President Trump just did something that should have been done years ago. He signed an executive order cutting off the financial oxygen supply that’s been keeping our illegal immigration crisis alive and well. The May 19 order targets banks and lenders who’ve been handing out mortgages, car loans, and credit cards to people who shouldn’t even be in the country. And honestly, it’s about time someone said the quiet part out loud.

Here’s what nobody wanted to talk about during the Biden years. Banks were actively lending to illegal aliens, backed by your tax dollars through programs like the Federal Housing Administration. Think about that for a second. American citizens are getting squeezed out of the housing market, watching interest rates climb and down payments balloon, while federal agencies were greenlighting mortgages for people without legal status. The whole thing was insane.

Trump’s order doesn’t mince words. It points out that lending to aliens without work authorization creates what he calls an “ability to repay” deficiency. That’s bureaucratic speak for a simple truth: when someone faces deportation or their employer suddenly decides to follow the law, those loan payments stop. The risk doesn’t just vanish. It gets absorbed by the financial system, which means it eventually lands on American taxpayers and legitimate borrowers who end up paying higher rates to cover the losses.

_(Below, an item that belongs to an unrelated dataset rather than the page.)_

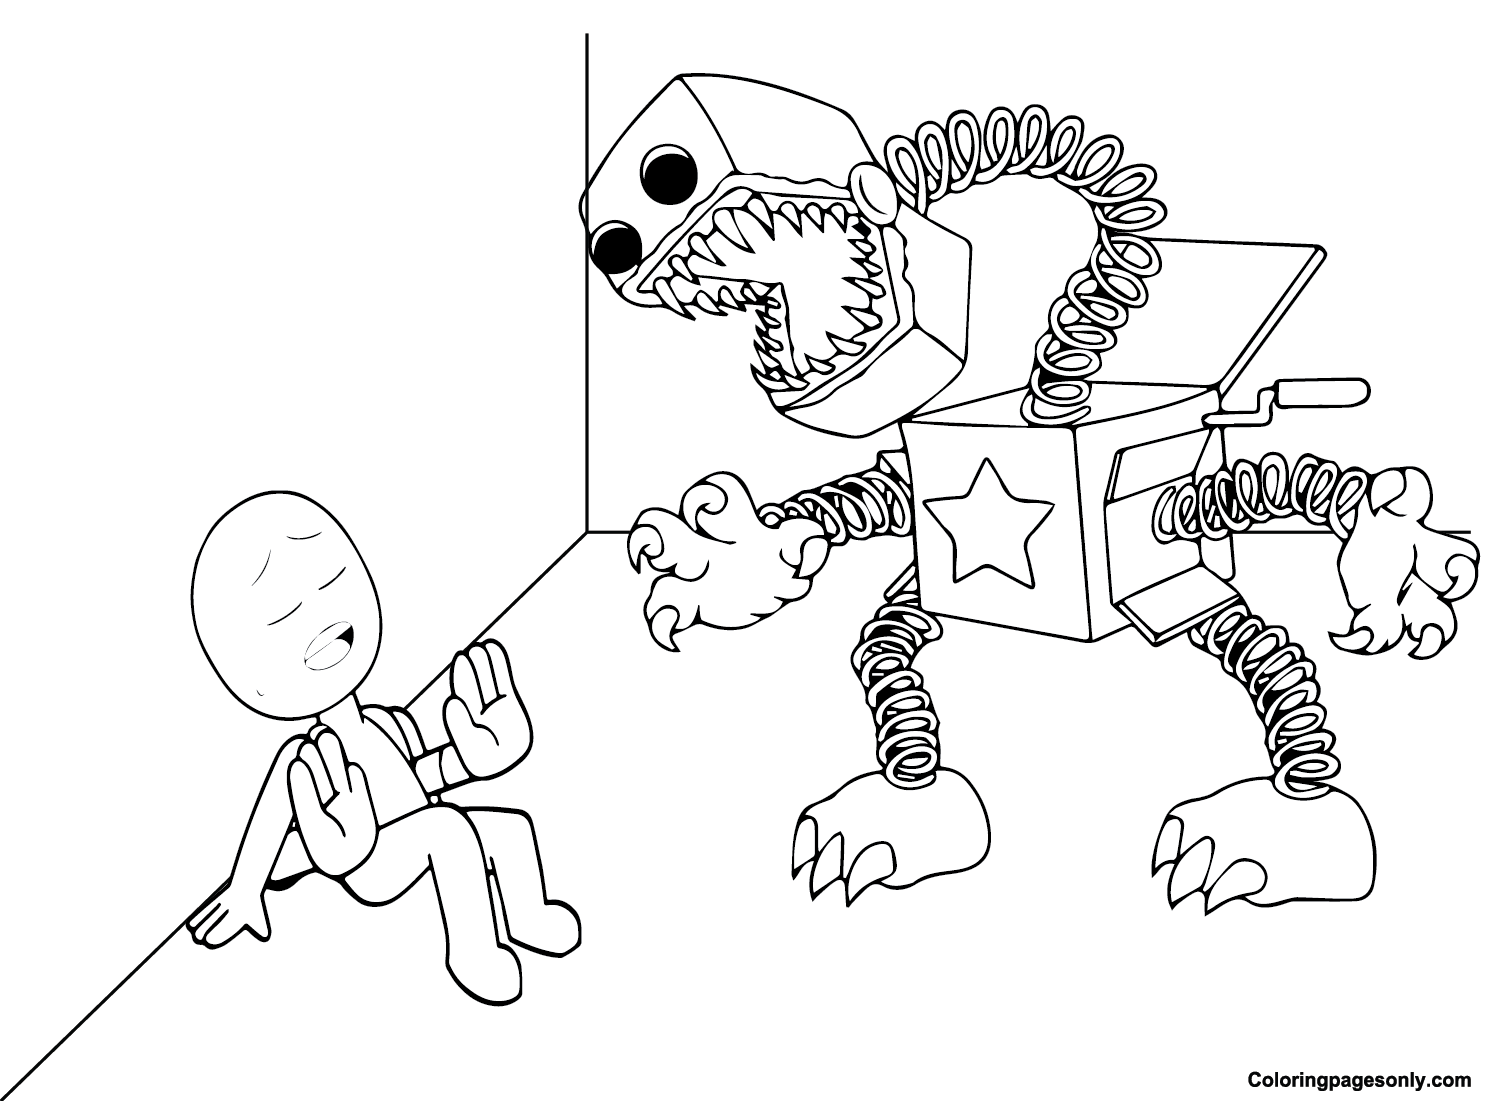 Boxy Boo Color Sheet Coloring Page

The cross border payment angle makes this even worse. Trump noted that these financial channels have been exploited by fentanyl traffickers and Chinese money launderers. We’re not just talking about economic policy here. We’re talking about national security, about criminal networks using our banking system as their personal playground. Human trafficking operations and even terrorist financing have benefited from these lax standards.

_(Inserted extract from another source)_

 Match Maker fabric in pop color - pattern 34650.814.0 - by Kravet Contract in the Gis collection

You know what really gets me? I’ve watched wealthy employers and their corporate friends game this system for profit. They hire illegal workers, pay them under the table or with fake documents, and banks facilitate the whole operation. Meanwhile, Americans who play by the rules get passed over for jobs or can’t compete with artificially suppressed wages. The employers who break immigration law also tend to underreport wages, use invalid Social Security numbers, and dodge payroll taxes. It’s a cascade of fraud that distorts everything from credit underwriting to tax collection.

Scott Turner, the Housing and Urban Development Secretary, already took action last year to stop FHA mortgages from going to illegal aliens. But that was just cleaning up one corner of the mess. The Biden administration had actually established a rule requiring banks to ignore immigration status when evaluating loan applications. Let that sink in. They mandated that lenders pretend legal status didn’t matter, as if residency in this country was just some trivial detail rather than a fundamental question of law and sovereignty.

The new executive order gives the Treasury Department 60 days to issue a formal advisory to financial institutions. This advisory will spell out the specific red flags and patterns associated with illegal alien populations and the employers who exploit them. It’s essentially a roadmap for banks to identify and avoid these risky arrangements. Some will complain this is harsh or discriminatory, but that’s nonsense. It’s basic risk management combined with law enforcement.

Pollster Scott Rasmussen confirmed what most Americans already know. About 80 percent of voters believe illegal immigration harms America. Interestingly, that same 80 percent supports legal immigration. The distinction matters. Americans aren’t against immigration. They’re against chaos, against systems that reward lawbreaking and punish patience.

The financial sector should have been paying attention to these risks all along. Credit risk isn’t just about credit scores and debt ratios. It’s about stability, about whether the borrower will even be in the country next year. Banks ignored this because the profits were good and the government gave them cover. Now that cover is gone, and institutions will have to choose between easy money and sound lending practices.

This executive order represents something bigger than banking policy. It’s a statement that American financial institutions should serve Americans first, that our economic system shouldn’t be a tool for facilitating illegal activity, and that there are real consequences when you blur the lines between legal and illegal residence. The underground economy that’s flourished under weak enforcement has distorted everything from housing prices to wage levels. Bringing it back above ground, back under the rule of law, is going to cause some disruption. But disruption isn’t always bad. Sometimes it’s just the sound of things getting fixed.